Pondy, as it’s called by locals, is a former French colony and still the home of the French consulate for southern India. (The French flag flew here during the entire time the rest of India was under British rule). There are supposed to be many good French restaurants, although we made the mistake of eating at a place written up in both a local guidebook and The Lonely Planet called “Seagull”. It had a nice view of the Bay of Bengal but the food was closer to “seagull droppings”, and the wine was of the Magen David variety...

"French wine with a sea view"

Despite disappointment on the culinary front, Pondy is a good place to buy antiques and textiles, and we found one antique shop that had some very nice furniture. Pondicherry is also the home of Sri Aurobindo Ashram, one of the largest in India, with extensive grounds just north of the city. The ashram production, which ranges from exquisite handmade papers, furniture, and clothing to jams and vegetarian cheeses, is also sold in outlets in Pondicherry and Madras called “Auroville.” We came away with two very nice lamps with a Lascaux cave theme, which exactly match a rug we had bought in Detroit.

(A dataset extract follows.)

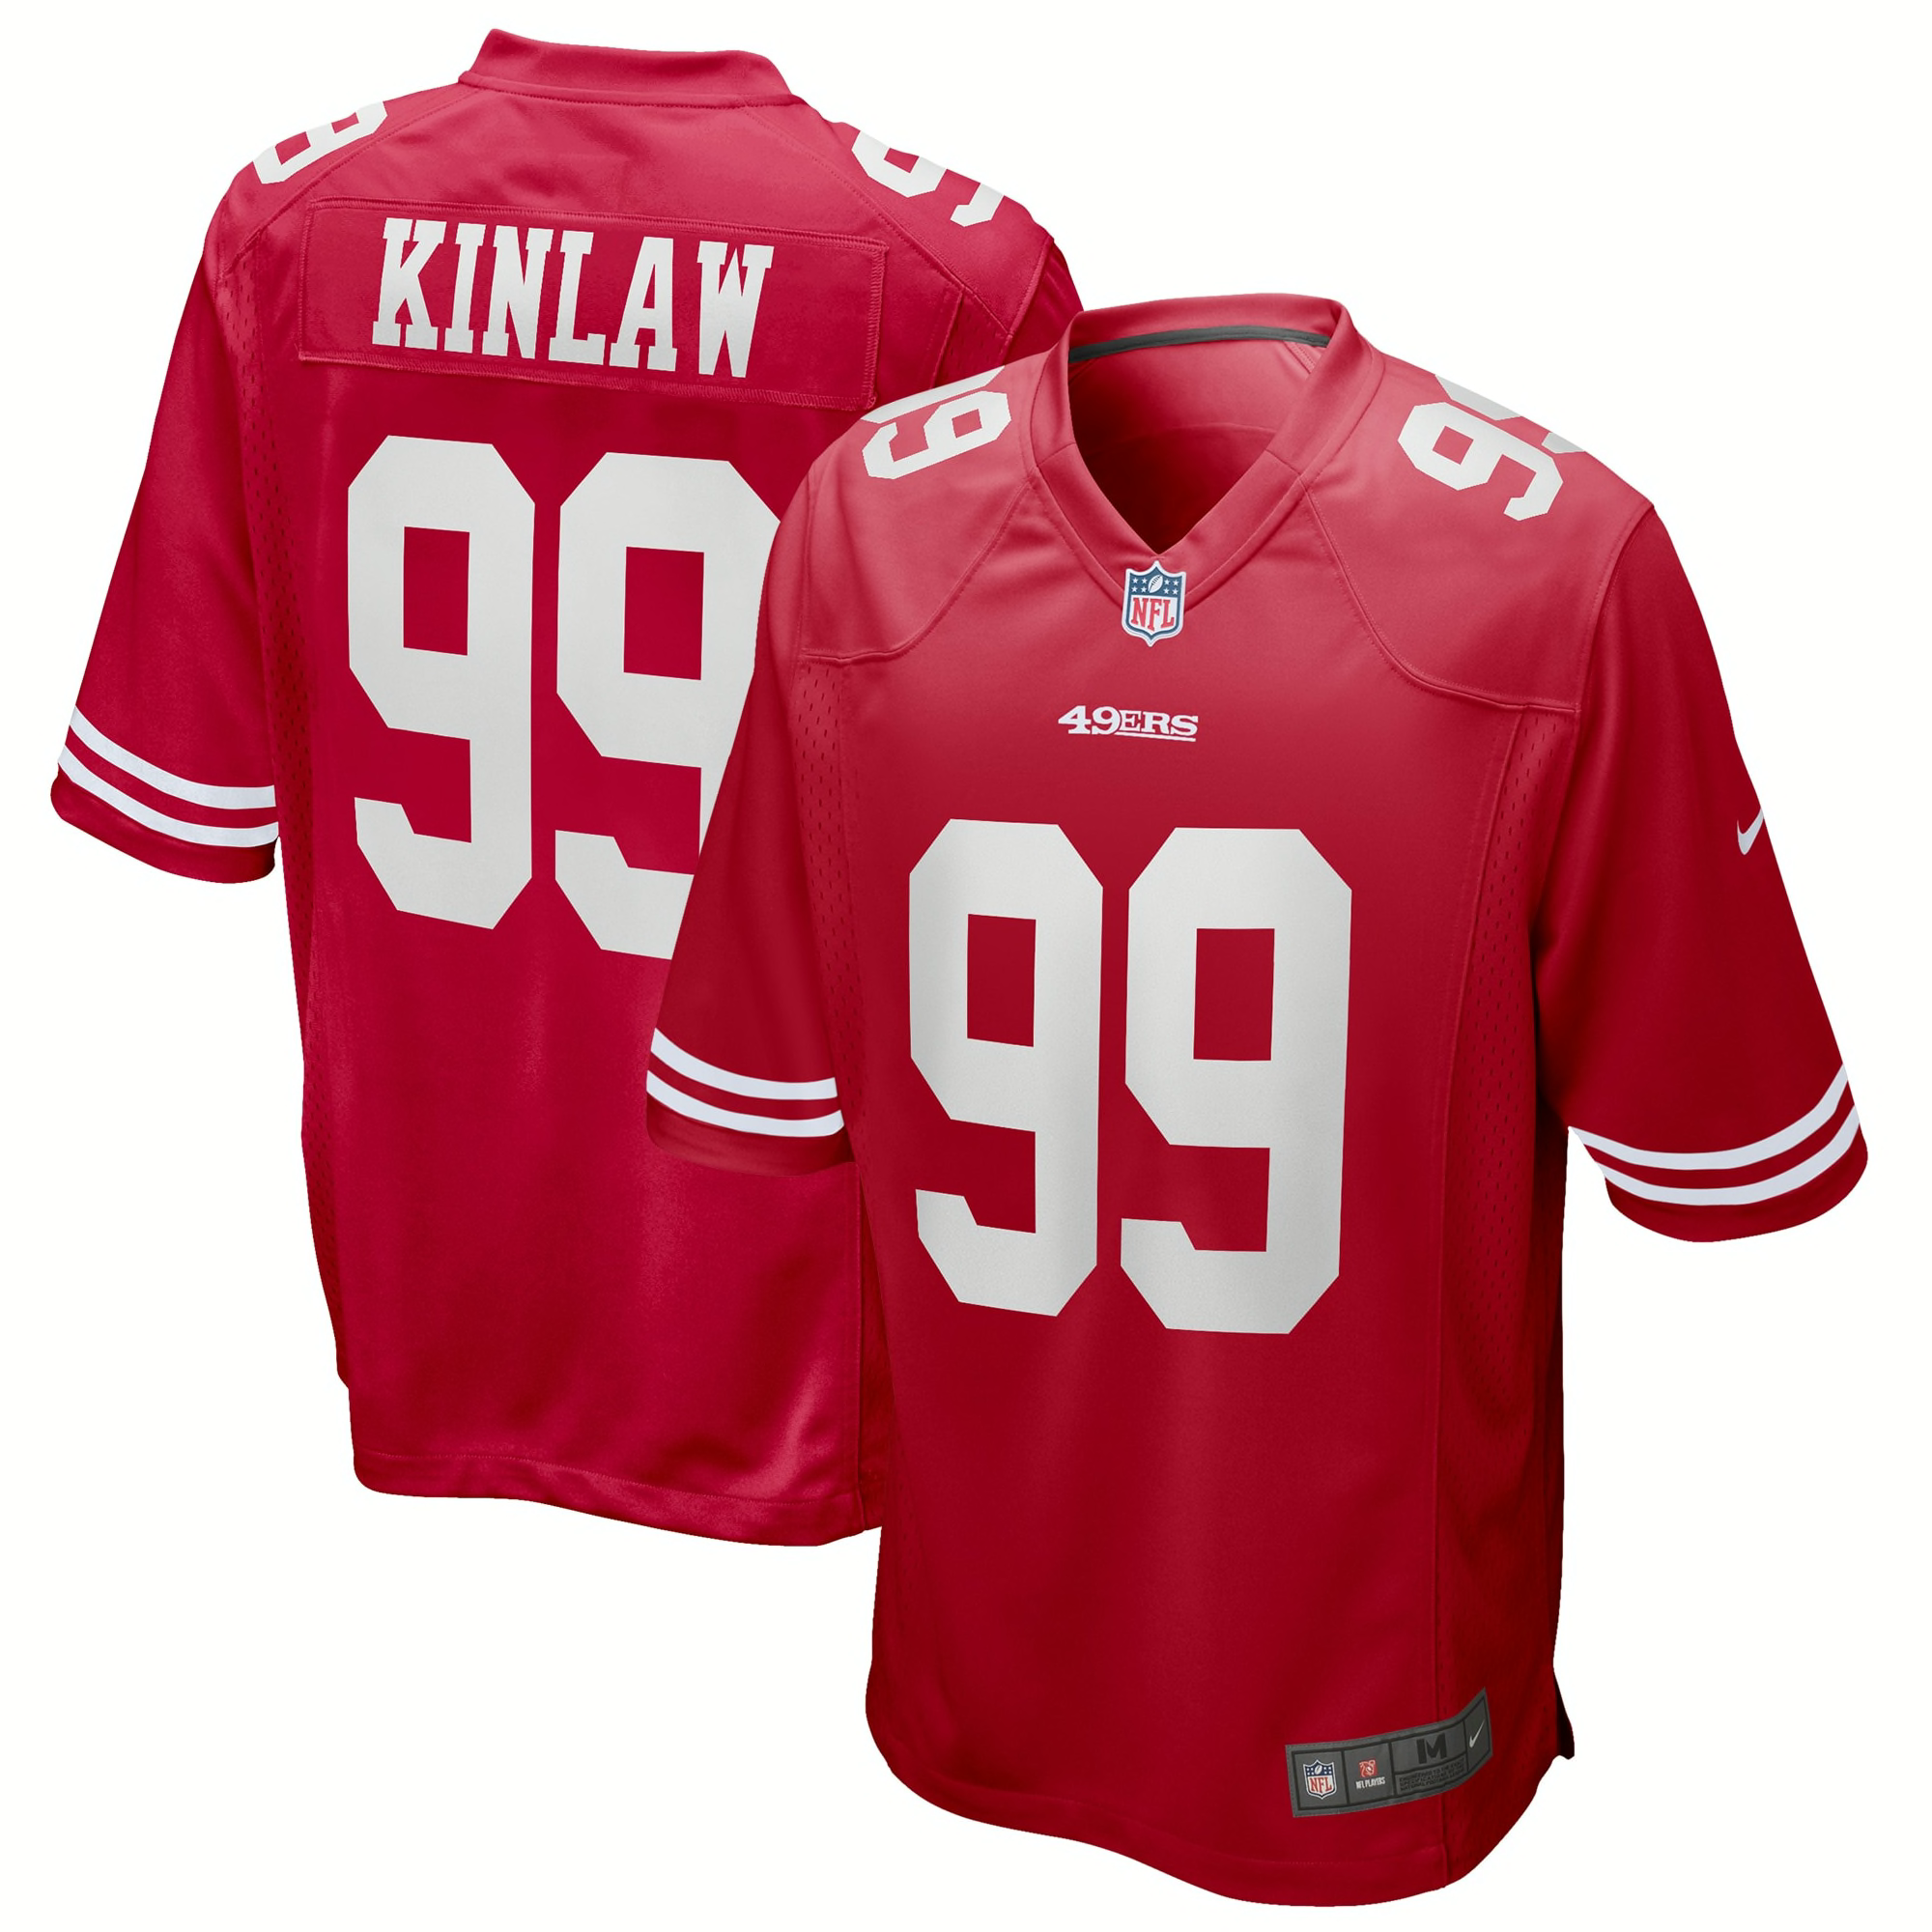 49ers new jersey 2020

The ashram also explains the presence of many 60s looking (both in terms of their present age and decade of their youth!) Westerners tooling about in Indian fashion---meaning sans helmet---on motorbikes. The ashram is a great mecca for people studying meditation or yoga, or who just want to hang out in India for a while and do some community service. Given the various production activities at the ashram, which also runs a school for local children, there’s plenty to do. The ashram also has a meditation dome, but to use it visitors are supposed to reserve in advance.